- **Raw data**
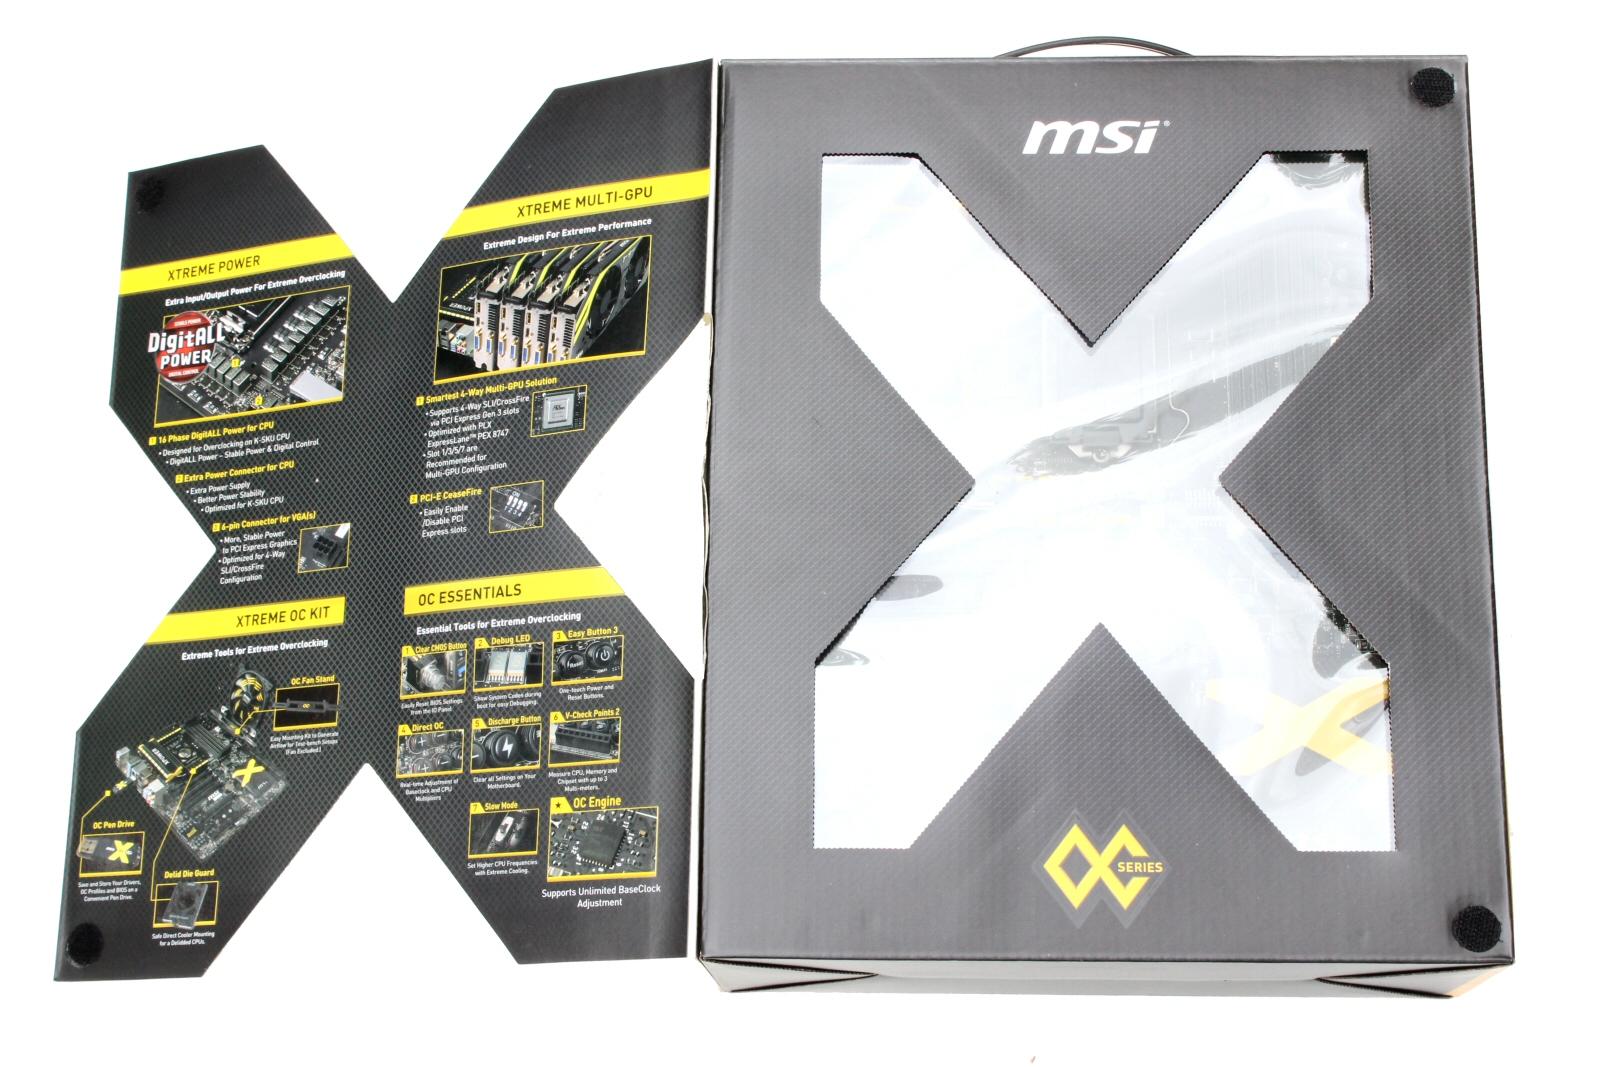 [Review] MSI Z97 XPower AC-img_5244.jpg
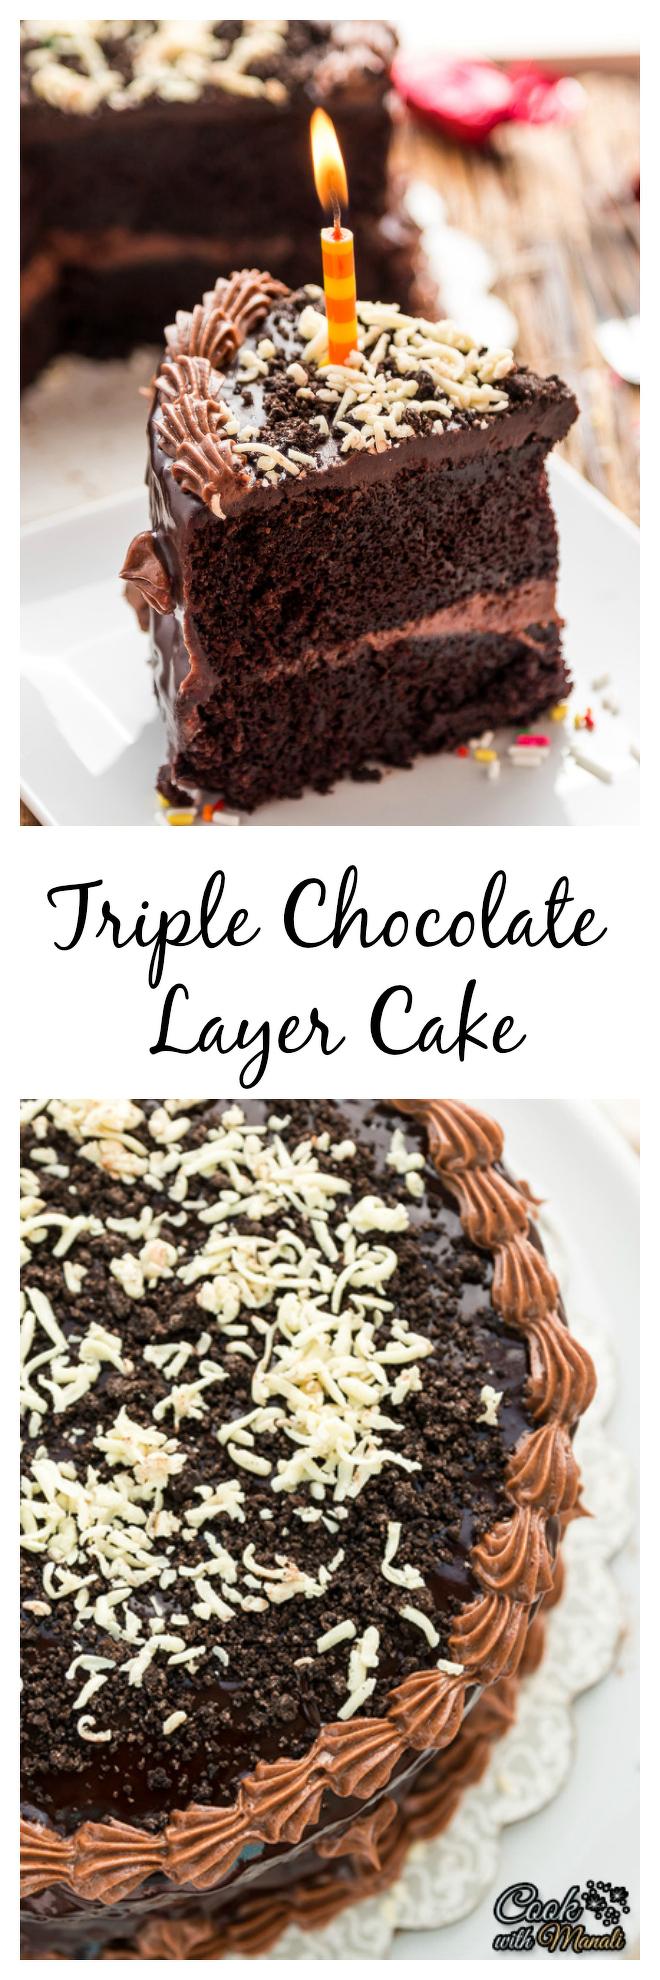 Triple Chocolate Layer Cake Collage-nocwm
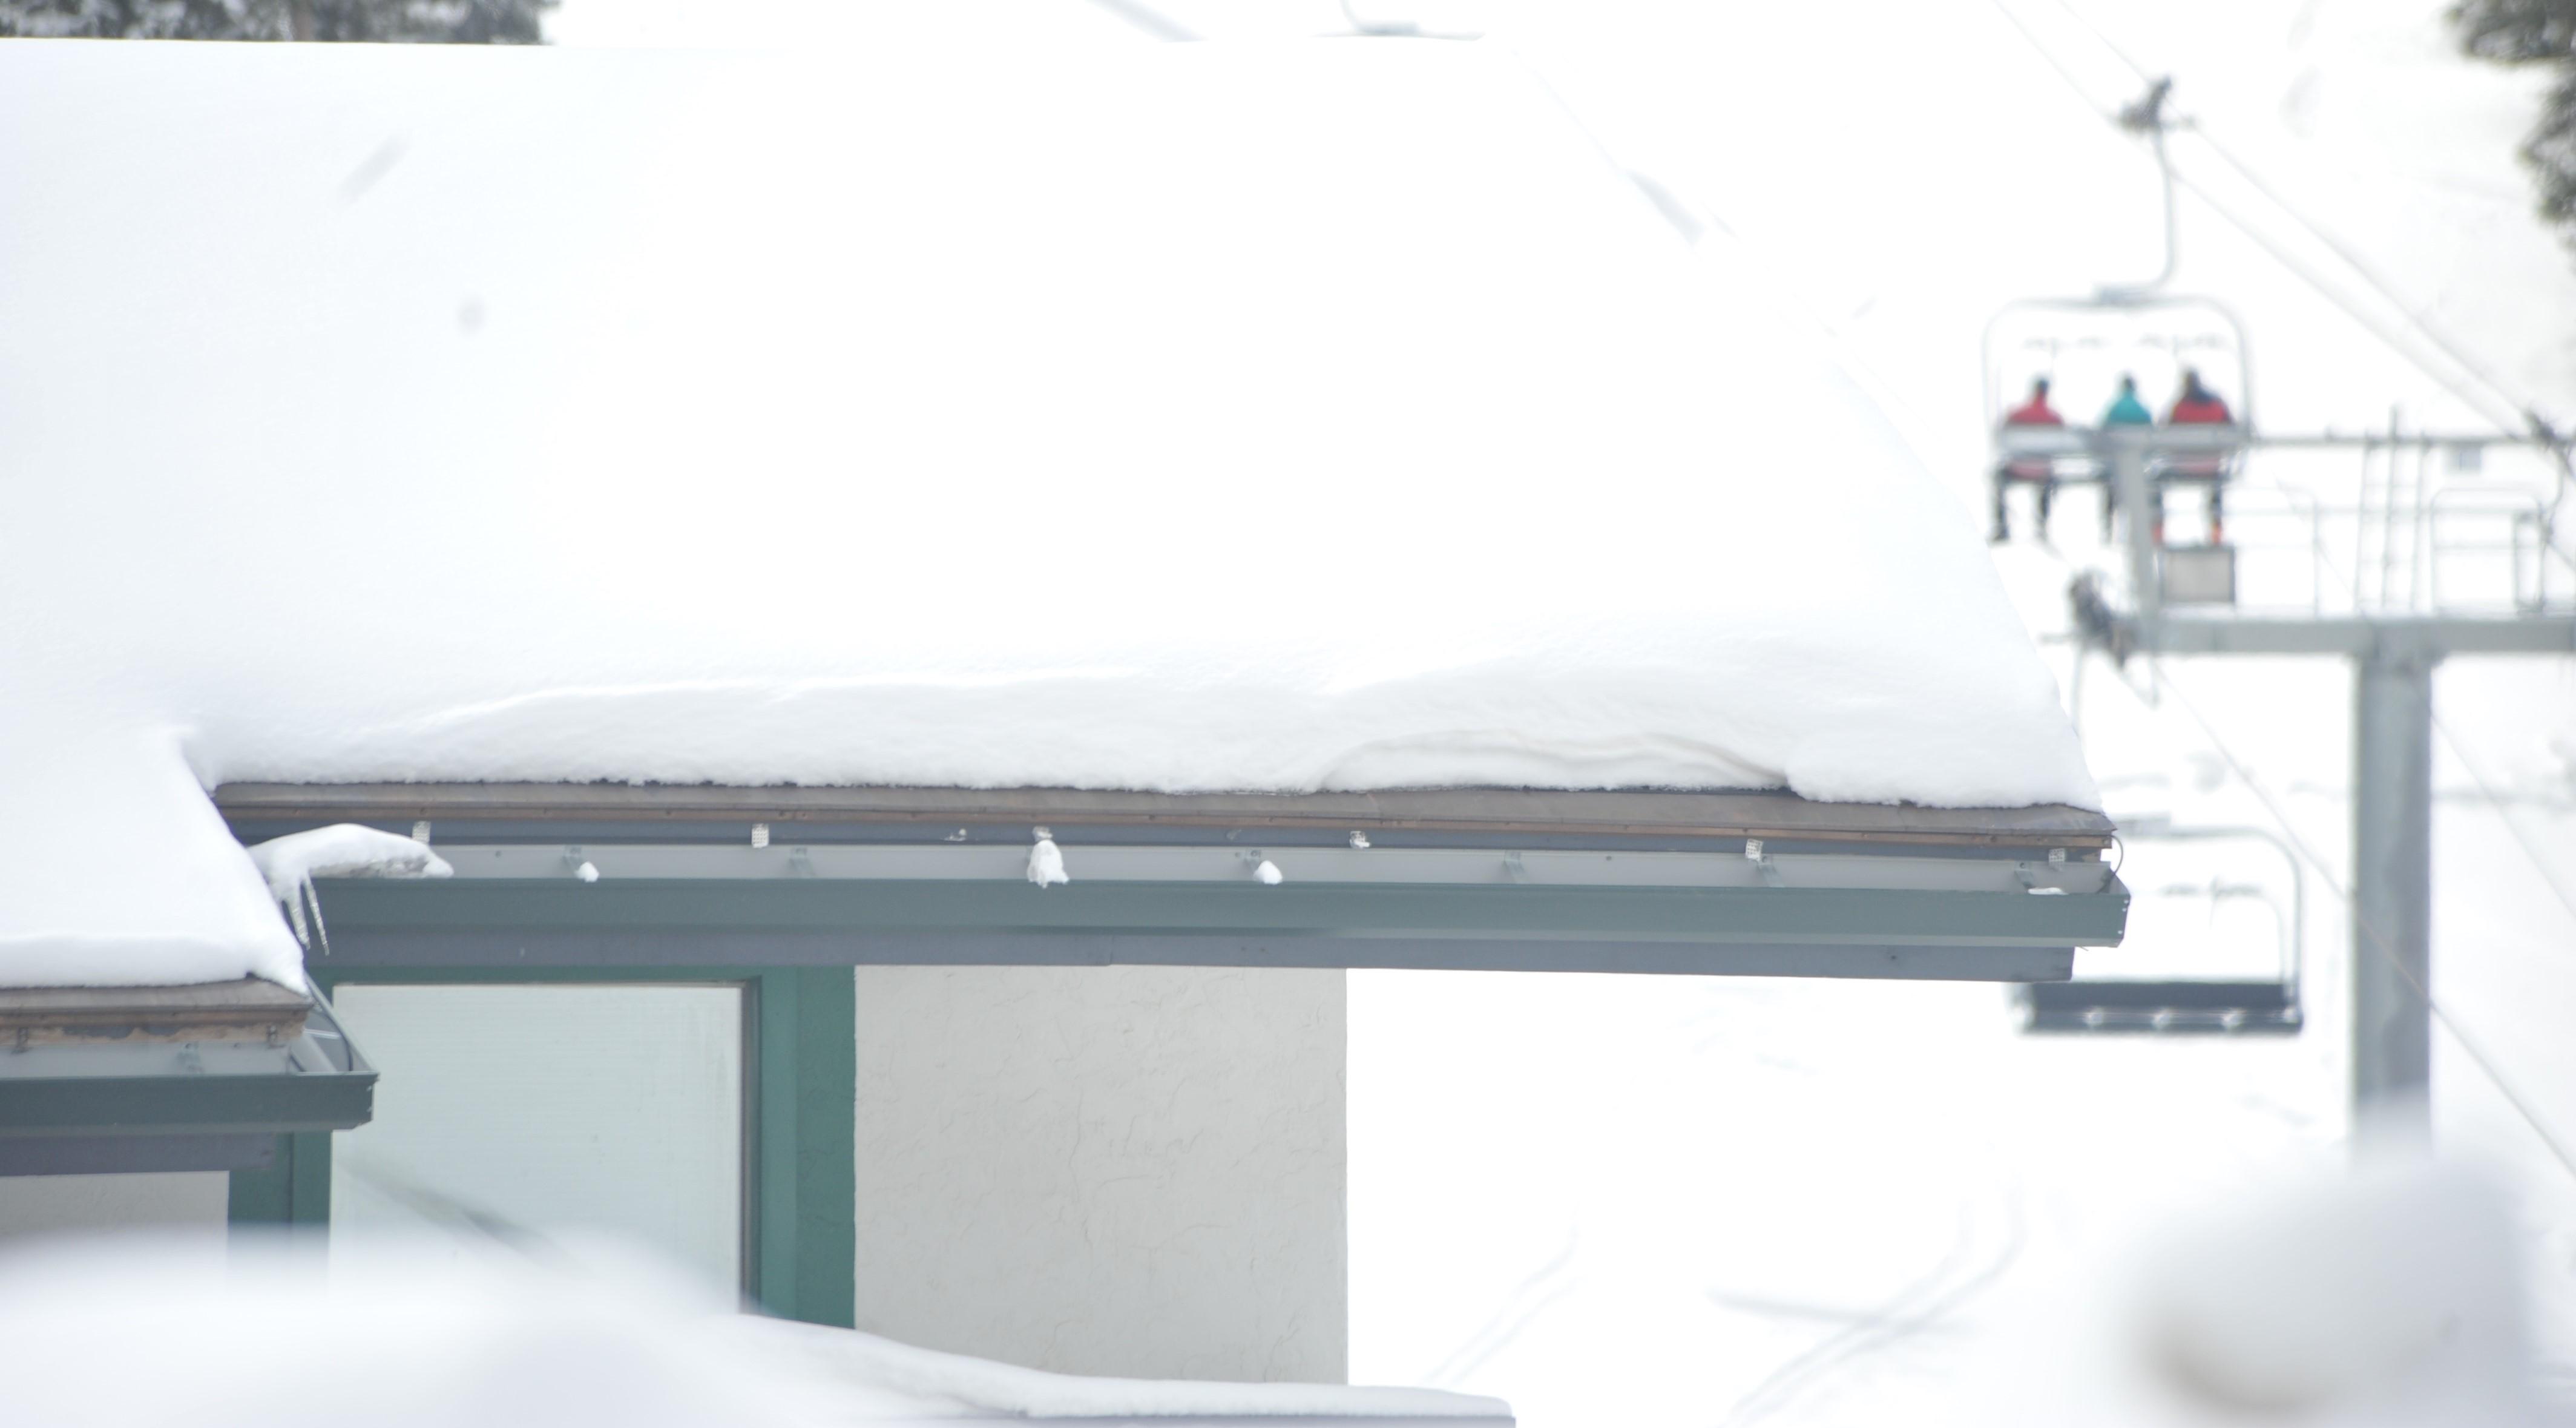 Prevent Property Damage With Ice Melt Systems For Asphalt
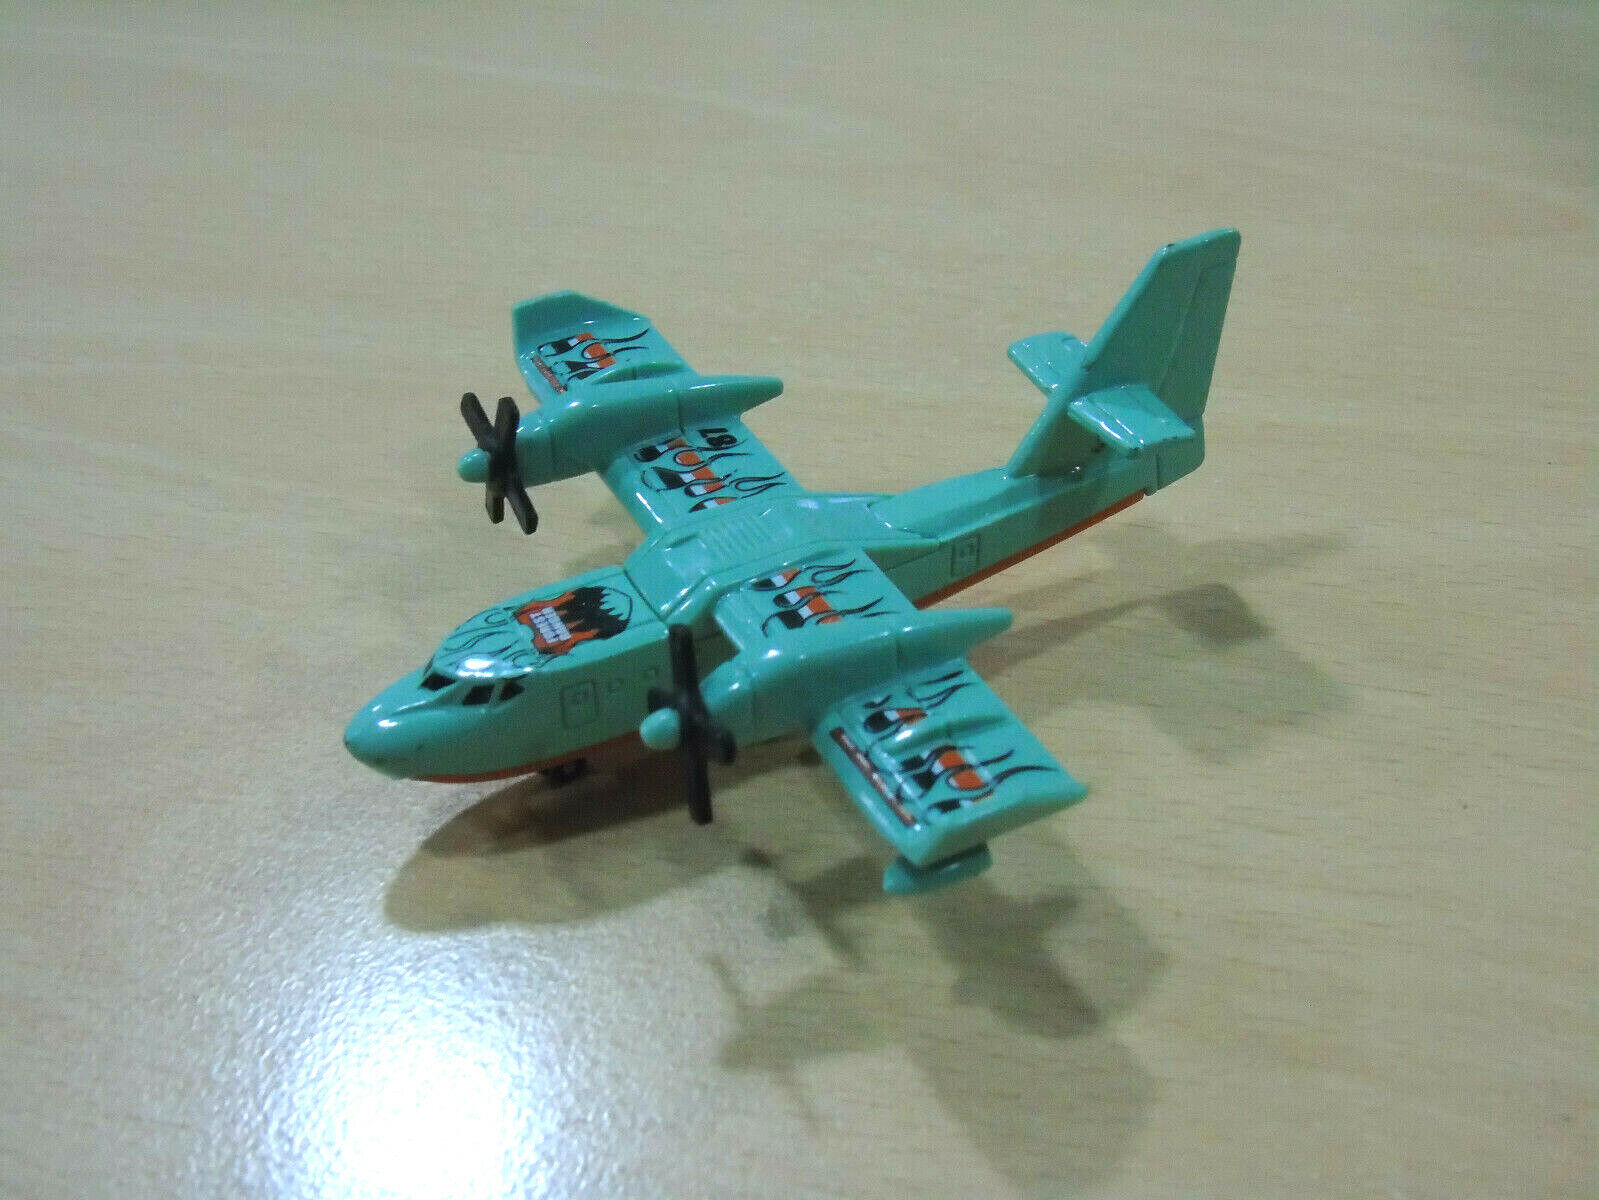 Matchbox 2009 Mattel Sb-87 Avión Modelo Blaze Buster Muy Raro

- **The problem**
The material above should be printed again exactly, with each picture left out.

- **Response for this exercise**
 [Review] MSI Z97 XPower AC-img_5244.jpg
 Triple Chocolate Layer Cake Collage-nocwm
 Prevent Property Damage With Ice Melt Systems For Asphalt
 Matchbox 2009 Mattel Sb-87 Avión Modelo Blaze Buster Muy Raro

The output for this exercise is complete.